And it is also, I think, maybe the most concerning piece of legislation I've seen as well.
I think, you know, my my school and local government clients, I think, are viewing this as a five alarm fire right now.
And you know, I'm I'm trying to figure out because I think many of us were surprised to see the property tax features of this bill.
And I think there's been a lot of clues that the income tax is going to be changed and that they were going to move in the direction of a flat tax.
You know, that was not that big a surprise.
But to me, the property tax changes were out of the blue.
And I don't know if that was, you know, just because saving $1.3 billion in state payments helps them fund their property tax, decrease, or if this is also, you know, in some sense a property tax revolt or if it's both.
And so I I'd like to get some clarity on what the goals and objectives are as far as what they're trying to do.
Also, in March, I talked with four representatives of groups with different perspectives on House Bill one.
Greg Lawson is with the conservative think tank the Buckeye Institute, and testified on House Bill one as an interested party, though he said the bill makes a strong effort to improve Ohio's overall tax climate with a flat income tax that will be the lowest flat tax in the Midwest and the second lowest in the country.
But he's not sure about the nearly $1 billion property tax increase that researchers for state lawmakers estimated.
Truth is, is that we're not really sure what the aggregate impact is going to be on all of this, because there is a very complicated mix and we're talking about the way the property tax rollbacks work.
And these are essentially subsidies that the state is spending to local governments.
And I think that it's probably I'm sure there are some folks who know about this, but I suspect most people who have a home or whatever other property they might have aren't aware that the state has been subsidizing their local levies by 12 and a half percent for decades.

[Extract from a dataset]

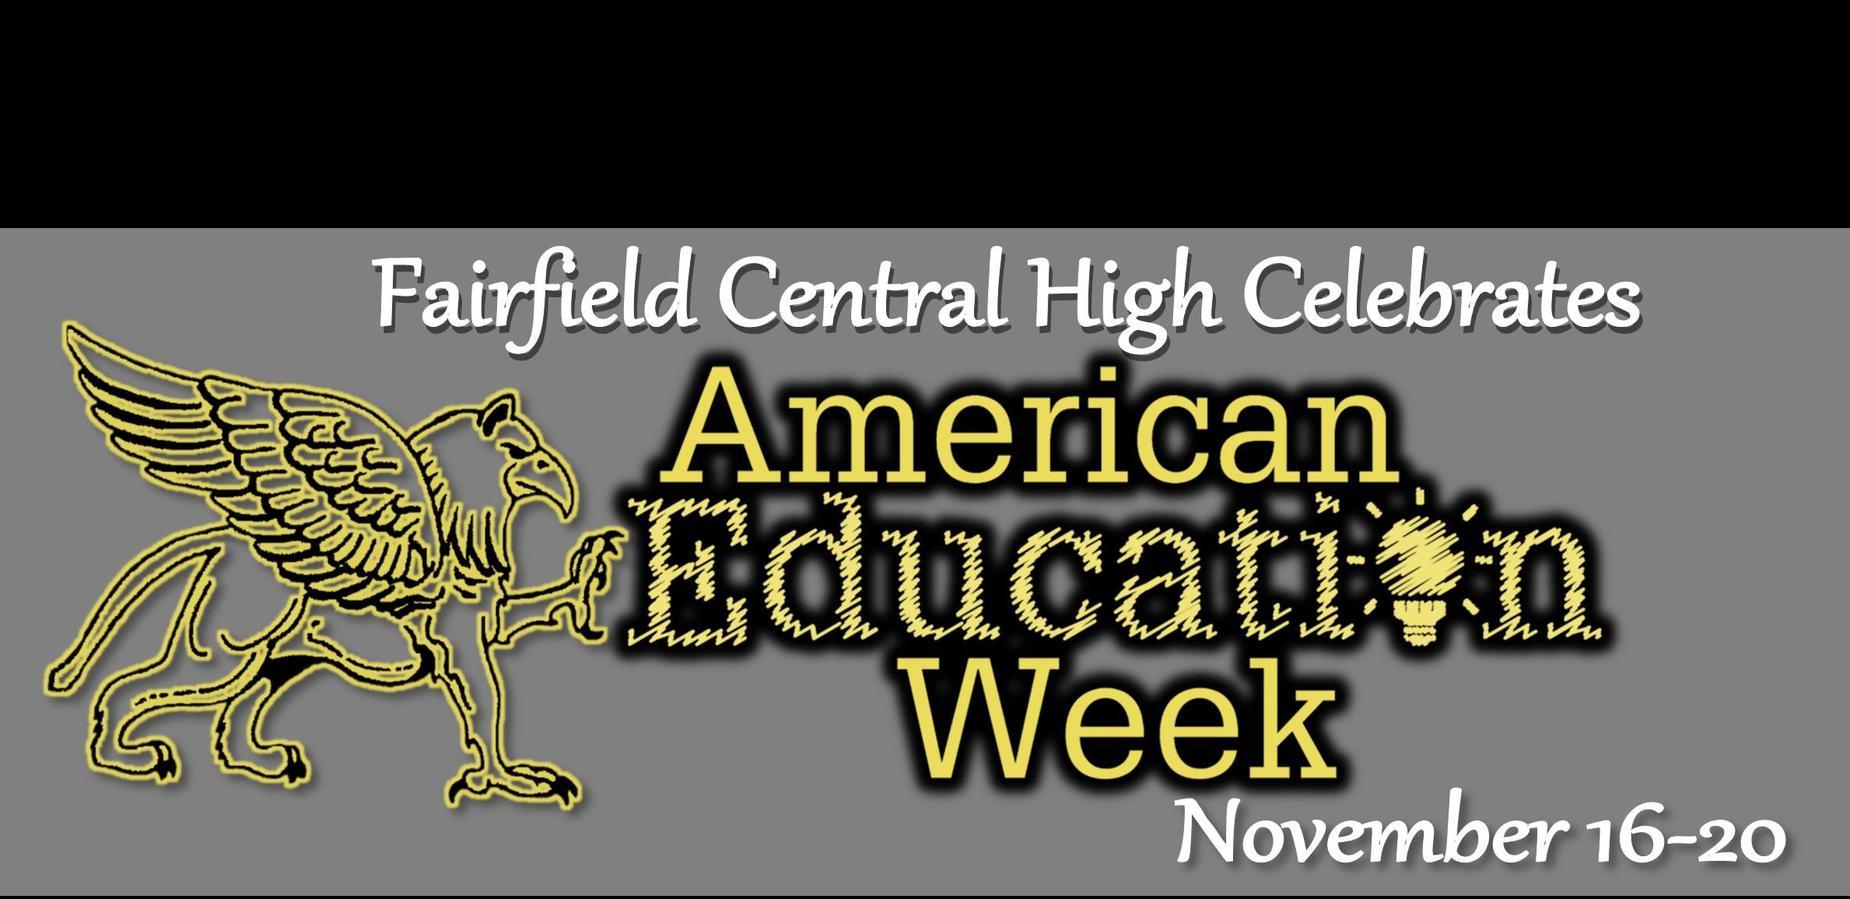 American Education Week Nov 16-20

They think they are paying their property tax and they're actually getting, again, a subsidy, which means Columbus is paying in with general state dollars.
This is a really complicated issue.
We support flattening the income tax.
We think that's the right thing for a whole host of long term pro-growth reasons.
There's a lot of academic literature that's out there that talks about how lowering income taxes are not taxing as much on the income is better for long term growth of GDP.
We think that that is pretty clear.
But because of the way that they've decided to do the pay for it, in other words, to try to offset those costs, it has turned into a very kind of a it's a really just a very complicated labyrinth of things.
I want to ask you about your friends in Policy Matters and Zach Schiller, specifically what they've said about what this income tax cut or this flattening of the income tax will do.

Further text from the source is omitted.